HUMAN RIGHTS TRIBUNAL OF ONTARIO
B E T W E E N:
Stanley Hitchcock
Applicant
-and-
Lafarge Canada Inc. and Christopher White
Respondents
INTERIM DECISION
Adjudicator: Brian Eyolfson
Indexed as: Hitchcock v. Lafarge Canada
WRITTEN SUBMISSIONS
Stanley Hitchcock, Applicant ) Ian Wilson, Counsel
Lafarge Canada Inc. and )
Christopher White, Respondents ) Daniel McDonald, Counsel
1This Application was filed on September 14, 2009, under section 34 of the Human Rights Code, R.S.O. 1990, c. H.19 as amended (the “Code”), and involves allegations of discrimination on the basis of disability in employment.
2In his Application, the applicant alleges that he was subjected to discrimination when the respondents failed to accommodate his disability-related absence, placed unreasonable requirements on him regarding the provision of medical documentation in relation to his absence, and subsequently terminated his employment. The applicant alleges that, prior to terminating his employment on October 24, 2008, the respondents required that he provide a medical certificate from his doctor supporting his absence by no later than the close of business on October 23, 2008; however, he explained to the respondents that he was not able to see his doctor until November 6, 2008.

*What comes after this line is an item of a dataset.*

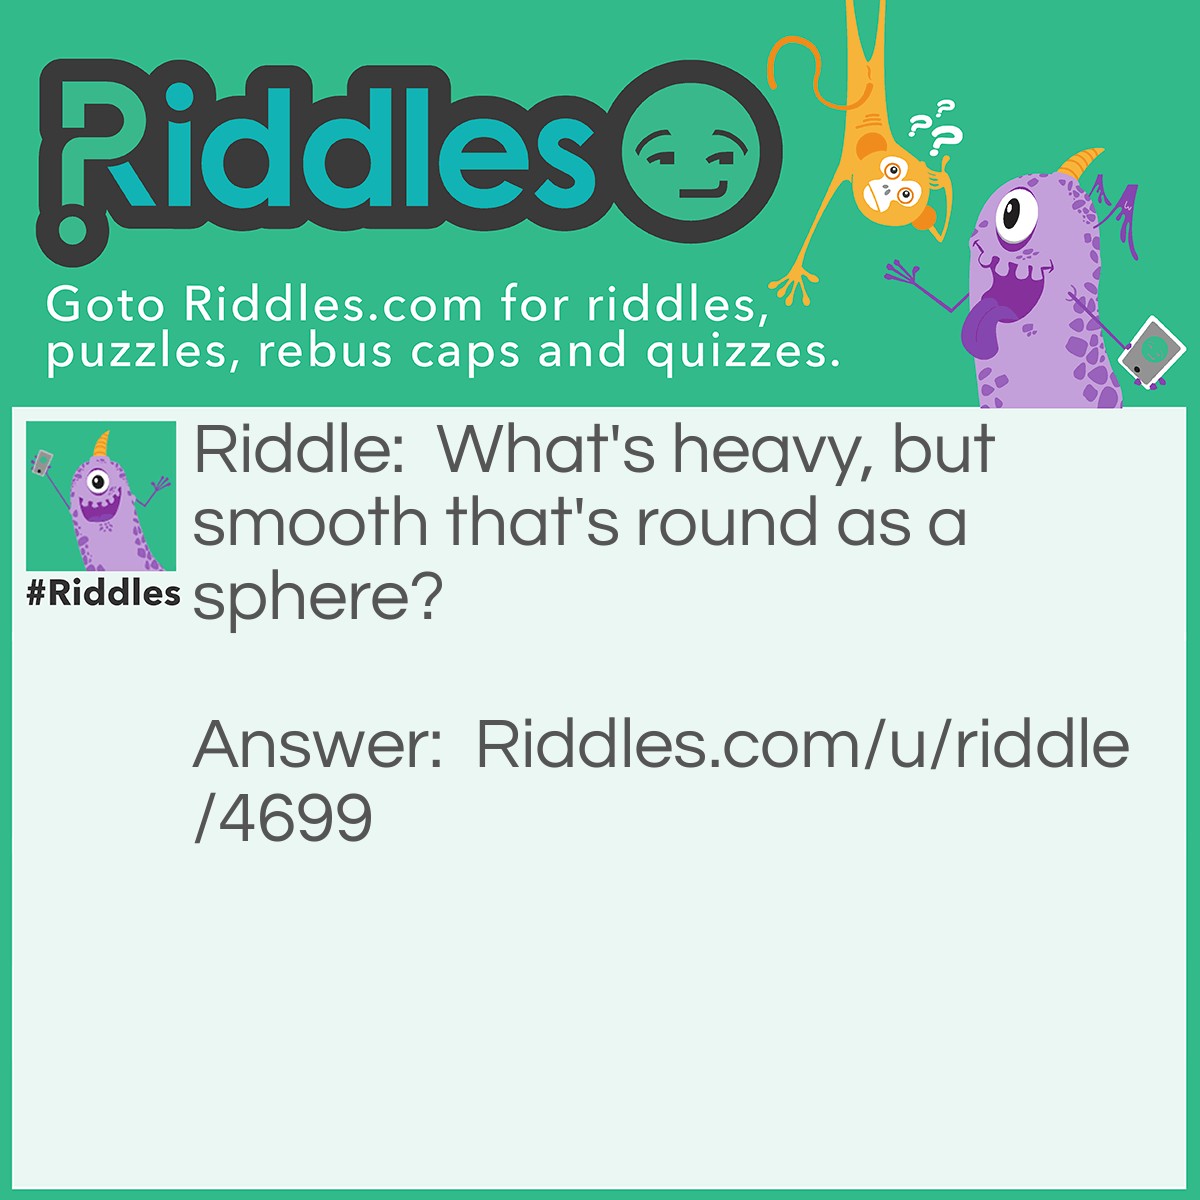 Riddle: What's heavy, but smooth that's round as a sphere? Answer: A bowling ball.

3In their Response to the Application, the respondents assert that the applicant had a number of issues related to his performance and attendance, and he never made them aware of any issue requiring accommodation. The respondents further allege that the applicant’s past record and his failure to provide reasonable medical evidence for his absences, in accordance with the collective agreement, gave rise to the termination of his employment. They assert that at no time did the applicant ever submit a medical certificate clarifying a need for any accommodation. They also assert that the applicant could not contact them because he was incarcerated for a variety of criminal offences.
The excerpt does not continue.